Let's examine emerging EES technologies that the contractor’s customers can use to take advantage of these incentives and improve the reliability of their electric power supply.

Rechargeable batteries

Lead-Acid Batteries. Like the incandescent lamp in the lighting industry, the conventional lead-acid battery remains the benchmark against which all new battery technologies are measured in the CII stationary battery market. This is different than the mobile battery market, which includes vehicular applications where the lead-acid battery has been abandoned in favor of new battery technologies whose physical and operational characteristics are more suited for mobile applications and the increased system complexity and higher costs can be justified. Lead-acid battery technology is still favored in the CII stationary battery market because operational characteristics and maintenance requirements are well known, physical size and weight are not typically an issue, safety and installation requirements are documented in industry codes and standards, lifecycle costs are reasonably low, and environmental issues are minimal. With that said, a number of new battery technologies are under development for utility-scale applications, and mobile battery technologies are starting to get traction in the CII stationary battery market.

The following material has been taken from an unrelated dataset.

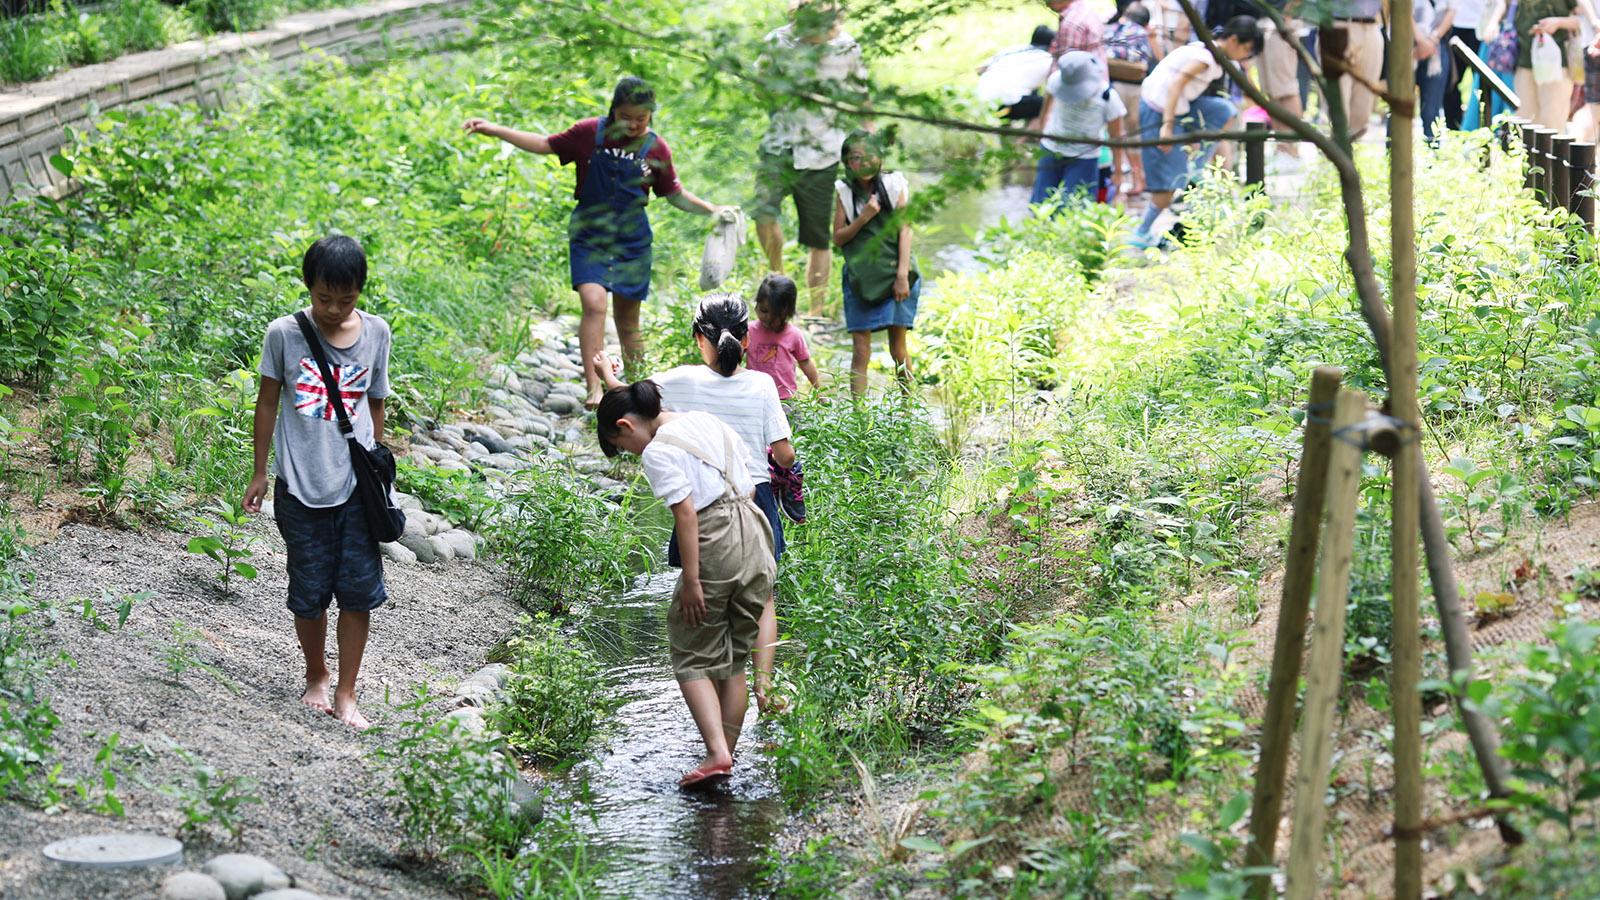 遅野井川親水施設で遊ぶ子どもたち

Lithium-Ion Batteries. The lithium-ion (Li-ion) battery is an example of a potential crossover technology from the mobile battery market that may find application in the CII stationary battery market. Li-ion batteries are used extensively in plug-in hybrid electric vehicles (PHEV) and electric vehicles (EV), as well as aircraft such as the Boeing 787 Dreamliner, because their light weight and small size result in a high stored energy density. They are more tolerant of ambient temperature variations, and they exhibit greater reliability among other advantages compared to conventional lead-acid batteries. However, these advantages are not as important in the CII stationary battery market as they are in the mobile battery market and typically won’t justify the increased price and safety concerns associated with Li-ion batteries.

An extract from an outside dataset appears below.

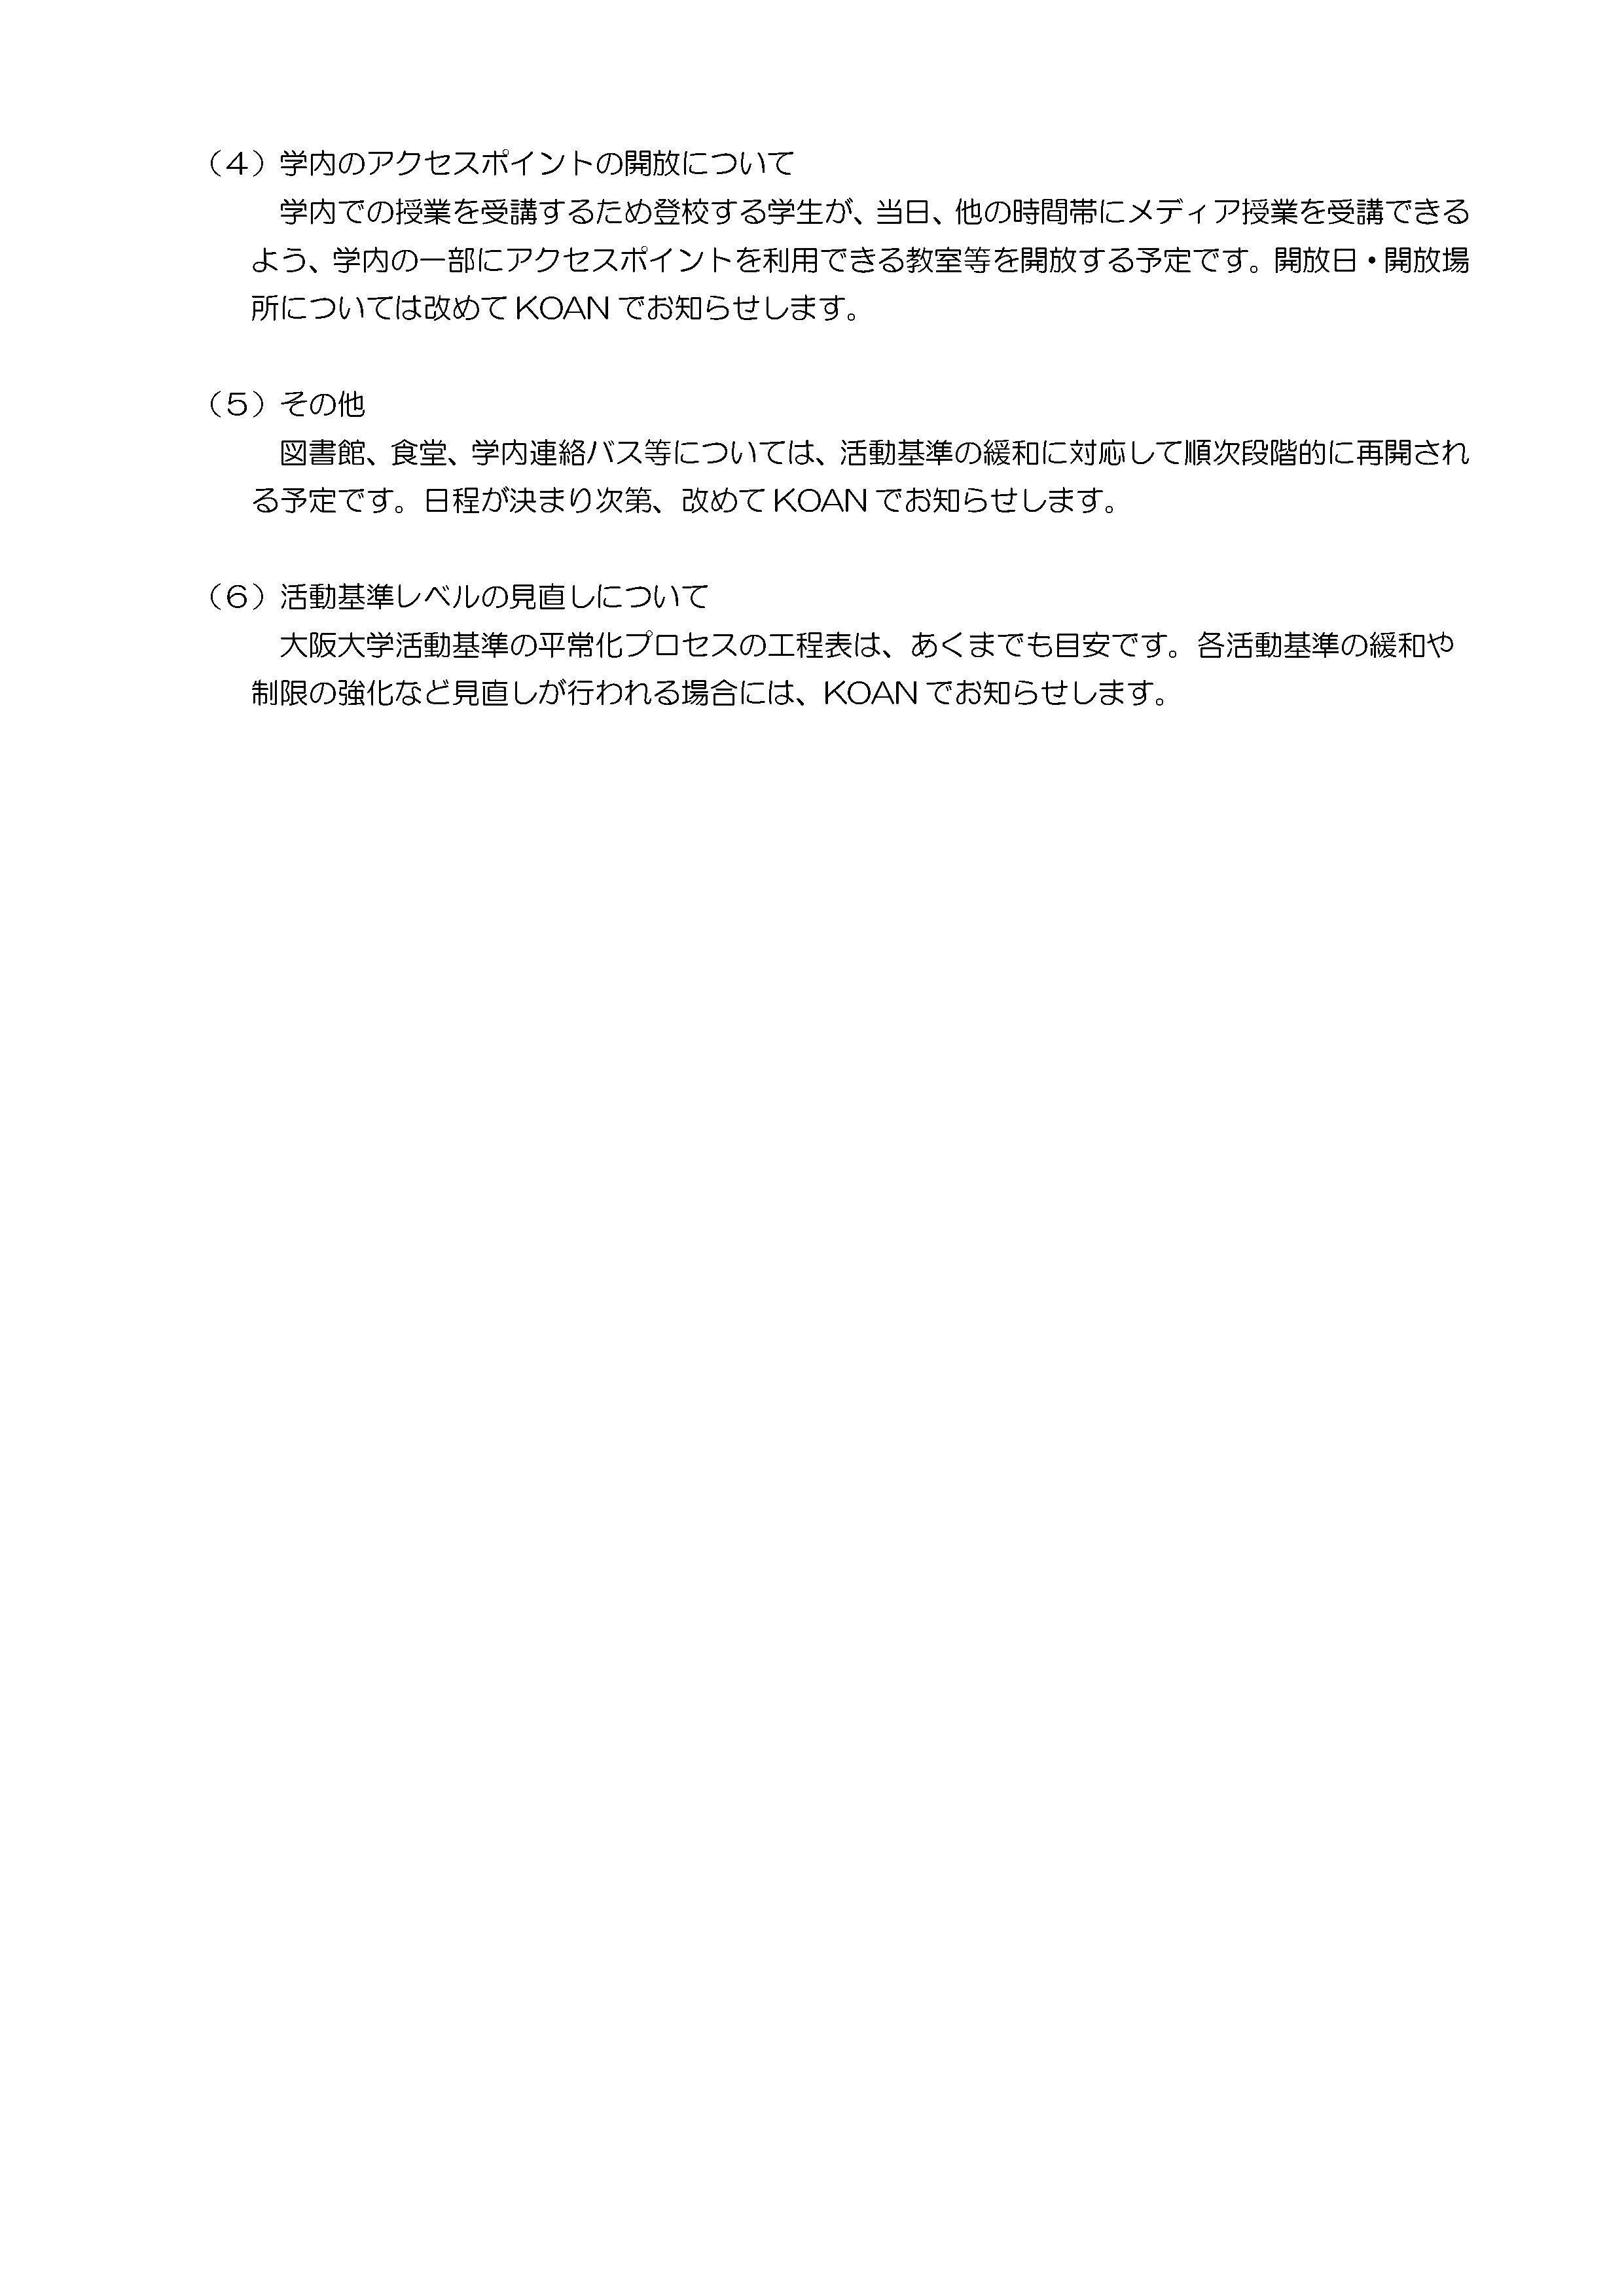 200520_03_KOAN_forstudent02.jpg

Recently, Li-ion battery technology has begun to chip away at the dominance of lead-acid batteries in the CII stationary battery market and may eventually supplant lead-acid batteries the way Li-ion replaced nickel metal hydride (NiMH) batteries in the EV market. The price for Li-ion batteries is dropping due to improved battery design that requires less lithium, more efficient manufacturing techniques and increased manufacturing capacity, which has outstripped EV demand and resulted in surplus Li-ion battery production capacity in search of new markets. Similarly, with increased experience and innovative design, Li-ion safety concerns have been addressed and are less of an issue now than just a short time ago. Lastly, it has been discovered that the useful life for a Li-ion battery in an EV application is much less than that for a CII stationary battery application and used EV batteries can be “recycled” and used in CII EES applications. Currently, there are several small-scale community photovoltaic (PV) and wind demonstration projects that, if successful, would result in a secondary market for used EV Li-ion batteries, which will further reduce the price, reduce disposal requirements and environmental concerns, and promote their use in CII EES applications.

Flow Batteries. There are a number of other battery technologies that are currently being researched or are under development in government and private laboratories in the United States and around the world. One technology that shows a great deal of promise is referred to generically as a “flow battery.” Currently, flow batteries are being developed for large-scale stationary utility EES applications, but they are scalable and may find their way into the CII stationary battery market when commercially available. A flow battery is similar in construction and operation to a fuel cell that typically has an anode and cathode chamber with liquid electrolytes that are separated by a membrane. This membrane allows a one-way exchange of ions between the two chambers resulting in voltage between the flow battery terminals. The difference between a flow battery and a fuel cell is that a fuel cell uses a fuel source, such as hydrogen or natural gas, to produce electricity whereas, like a battery, a flow battery does not have a fuel source or produce electricity but stores electricity during charging through a chemical reaction for later use. Flow batteries are  small, rugged and have the ability to store large amounts of energy. The latest flow battery designs use abundant and environmentally friendly materials reducing cost and environmental concerns.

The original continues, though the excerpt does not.